John Walter: ‘Stochastic Divination: Tarot, AI and Probabilistic Meaning’ as part of the session ‘AI, RANDOMNESS, AND PROBABILISTIC DIVINATION.’
This paper argues that tarot can be understood not as a mystical system opposed to computation, but as a long-standing cultural technology of probabilistic meaning-making. Drawing on practice-based research developed through ‘The Tarot Garden,’ ‘Alien Sex Club Tarot,’ and ‘Lockdown Tarot,’the paper situates tarot as an interpretive system structured around recombination. Across these projects, tarot decks were conceived as mutable image systems, produced through vector and VR drawing, installation, and tested through live readings.
The paper extends this argument through analysis of ‘Stochastic Tarot,’ a deck developed in dialogue with the concept of the “stochastic parrot”. Research for this project involved experiments with generative AI to explore stylistic variation and image mutation, particularly in the generation of borders and ornamental structures. The final deck, however, was drawn by the artist in Adobe Animate as a complete 78-card system, maintaining authorship while embedding stochastic logic within the imagery.
Subsequent stages of the research reintroduce AI as an interpretive rather than generative agent.

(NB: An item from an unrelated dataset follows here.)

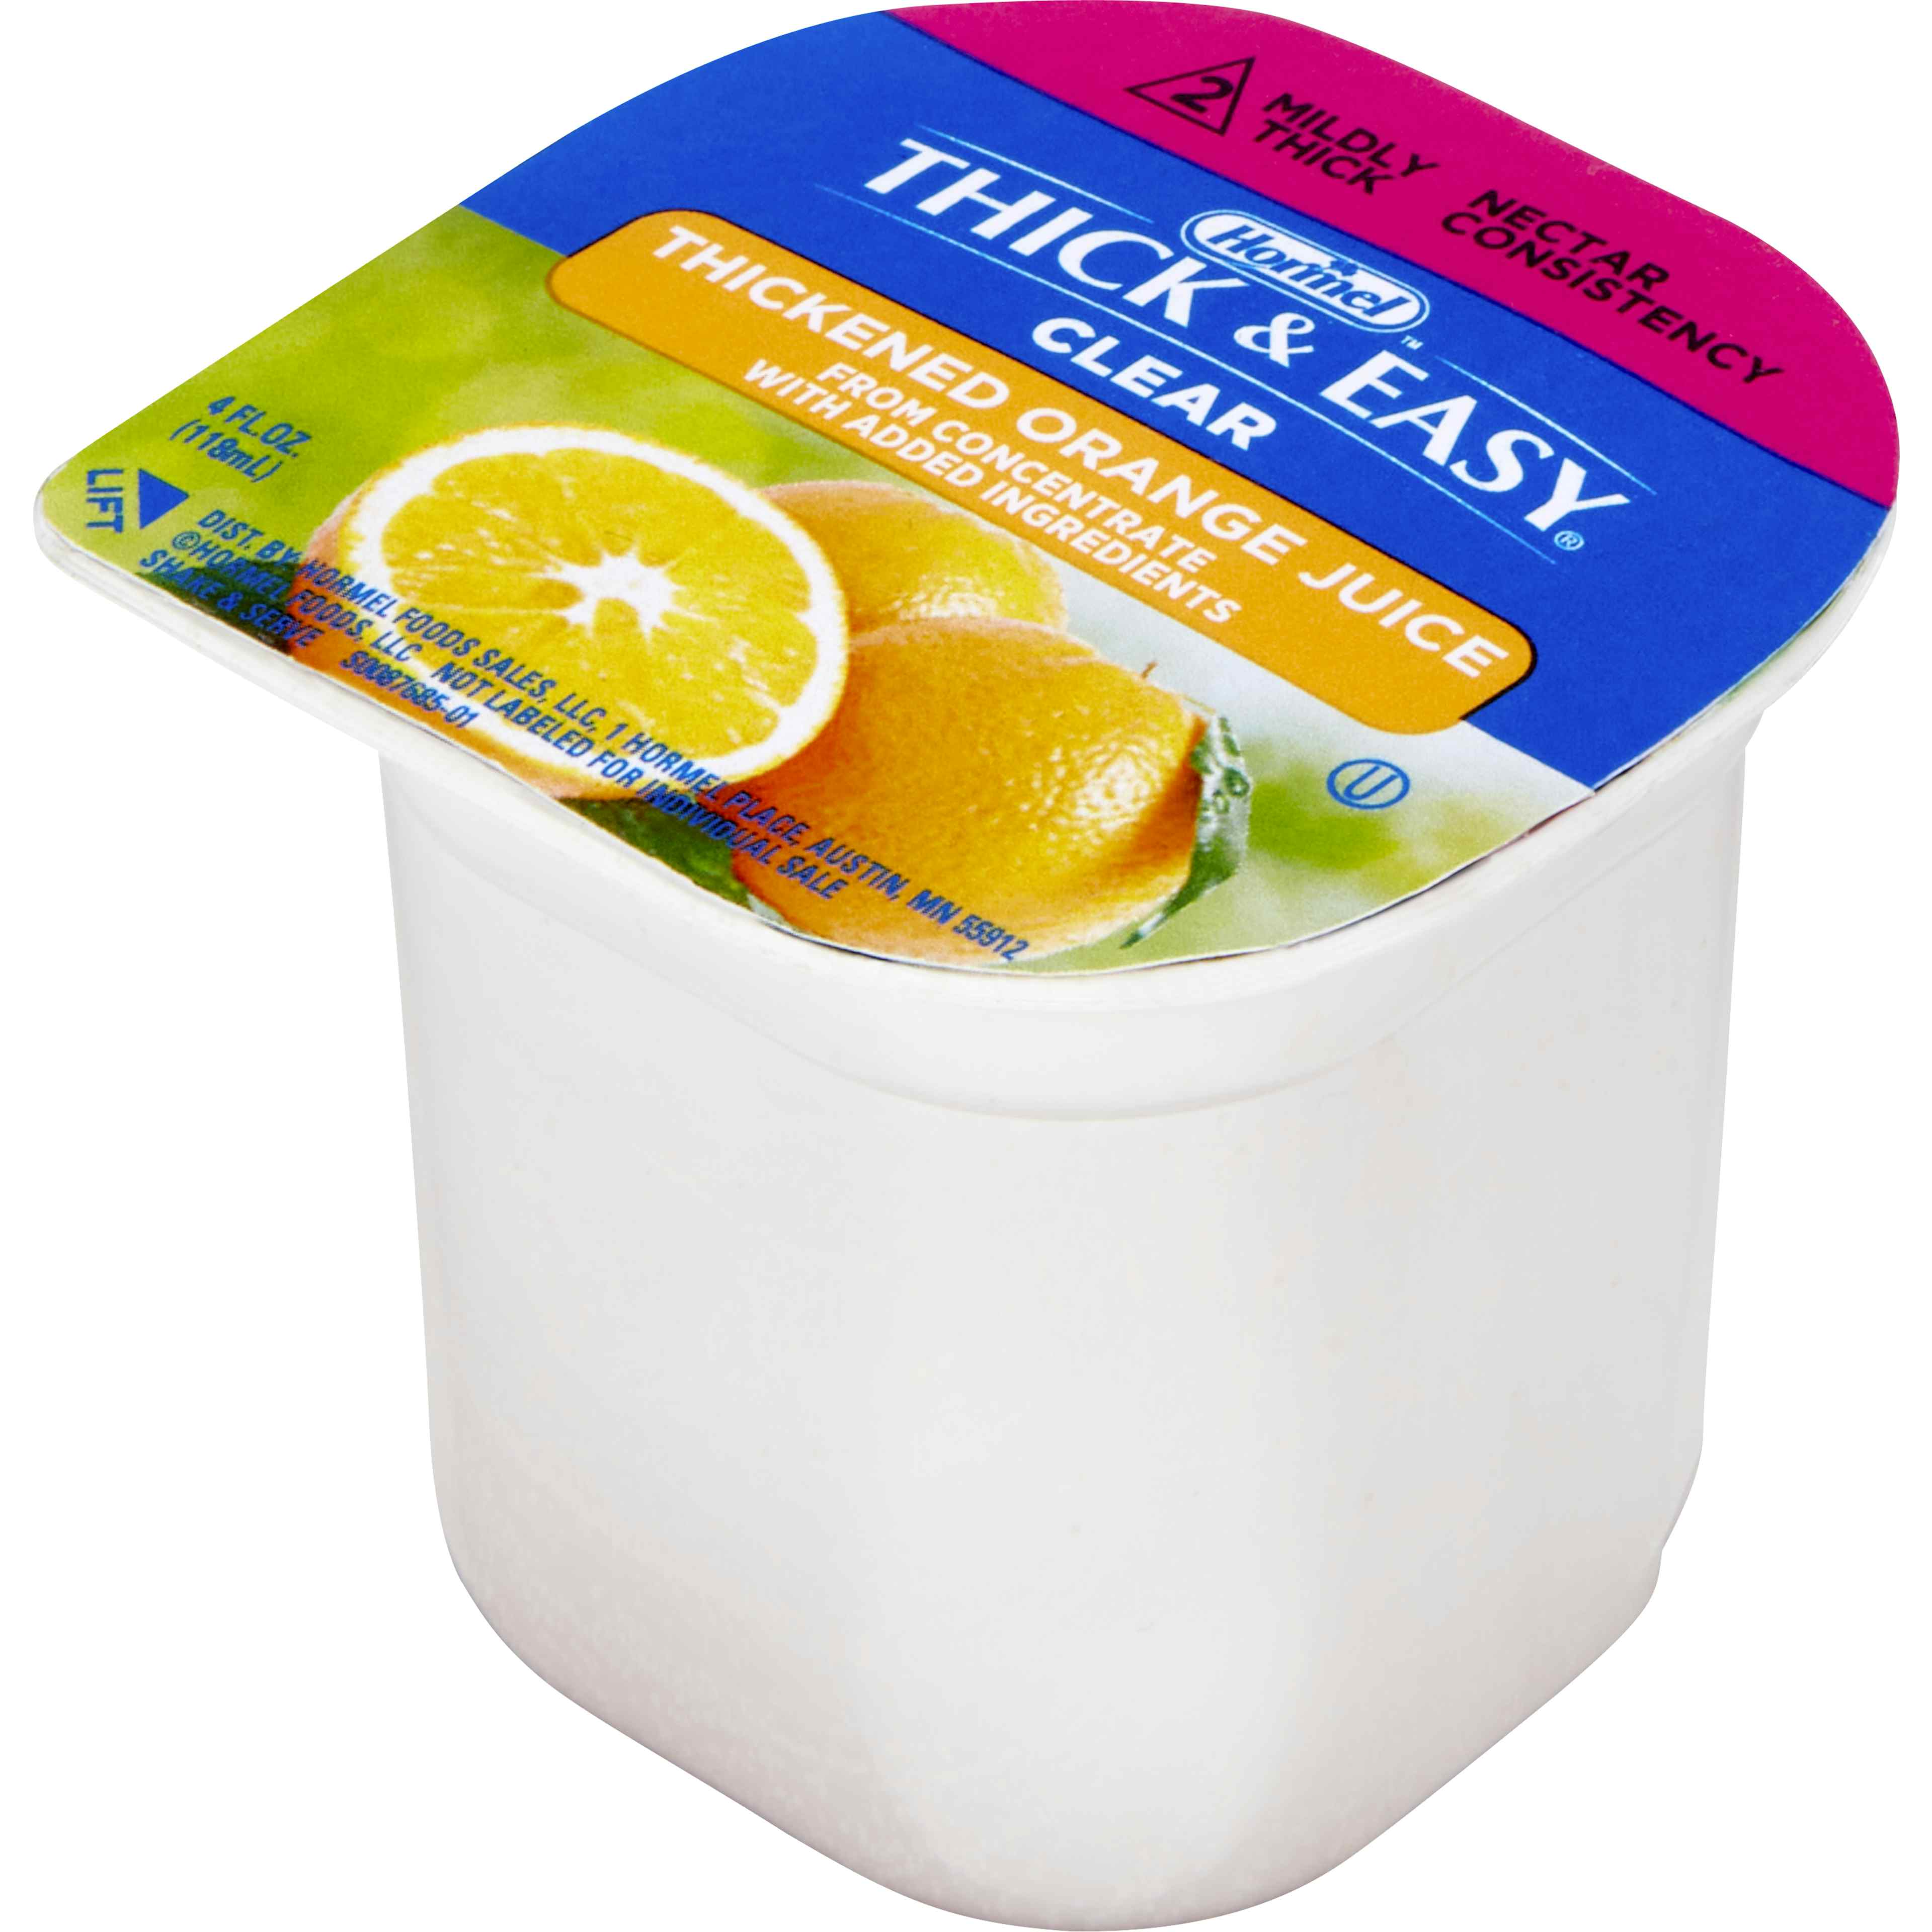 Thick & Easy Ready to Use Thickened Beverage, Orange Juice Flavor, 4 oz., Portion Cup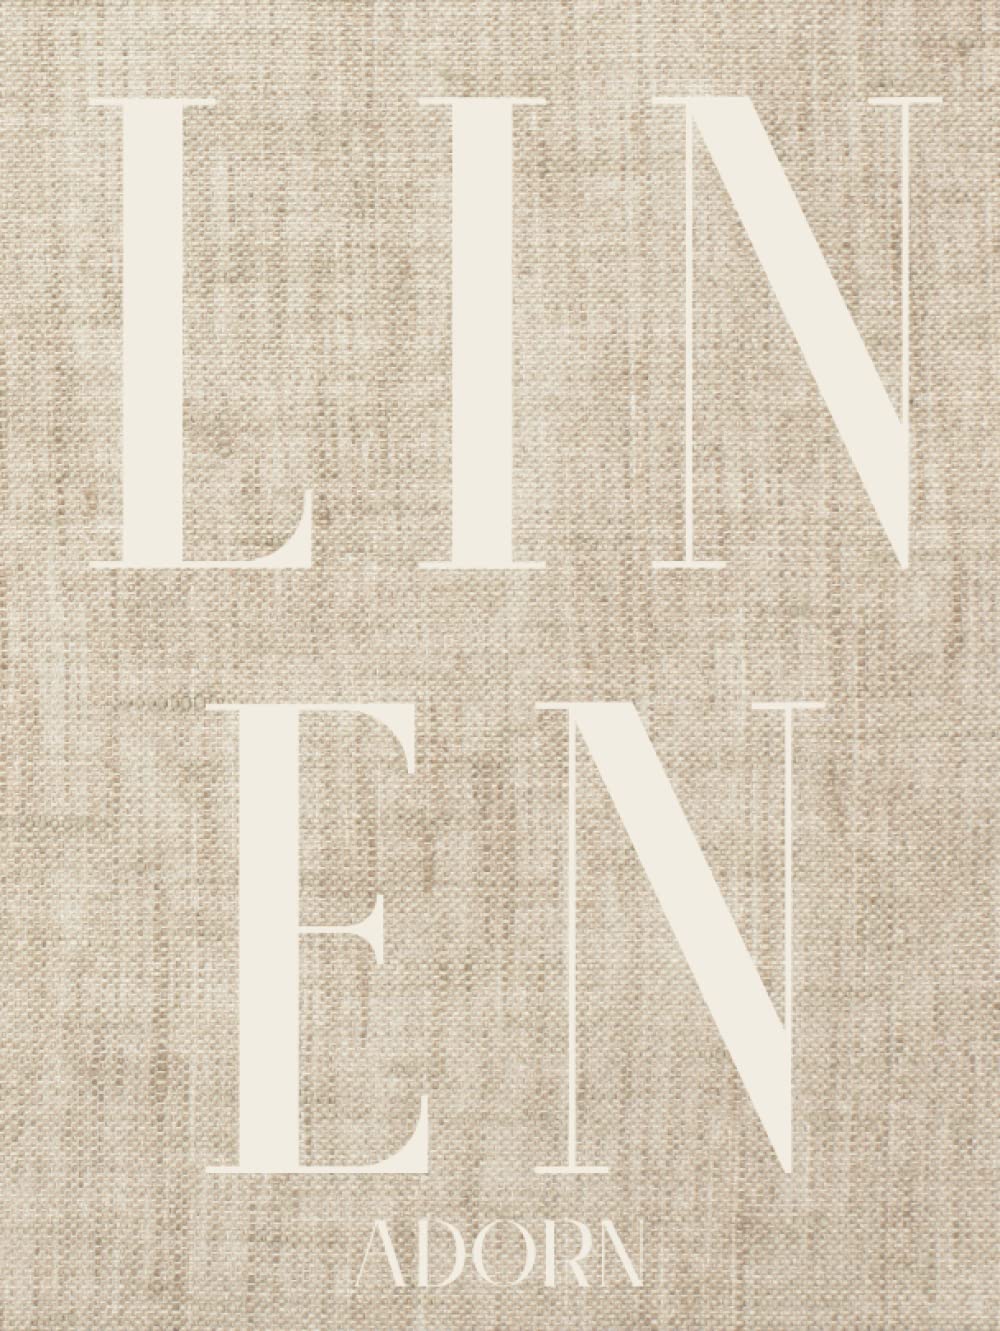 Linen Adorn: Photographed Linen Decor Book For Decorative Display | Thick Spine For Visual Statement Piece

During algorithmic tarot readings, selected cards from the ‘Stochastic Tarot’ are fed into openart.ai to generate verbal–visual descriptions of what the machine “sees”. These descriptions are then used to produce unique image variants of the selected card, functioning as on-demand artefacts for the querent.
Through case studies drawn from live readings in which these variants are generated, interpreted and printed in real time, the paper examines how distinctions between tarot card, prompt, reader and machine intelligence begin to blur.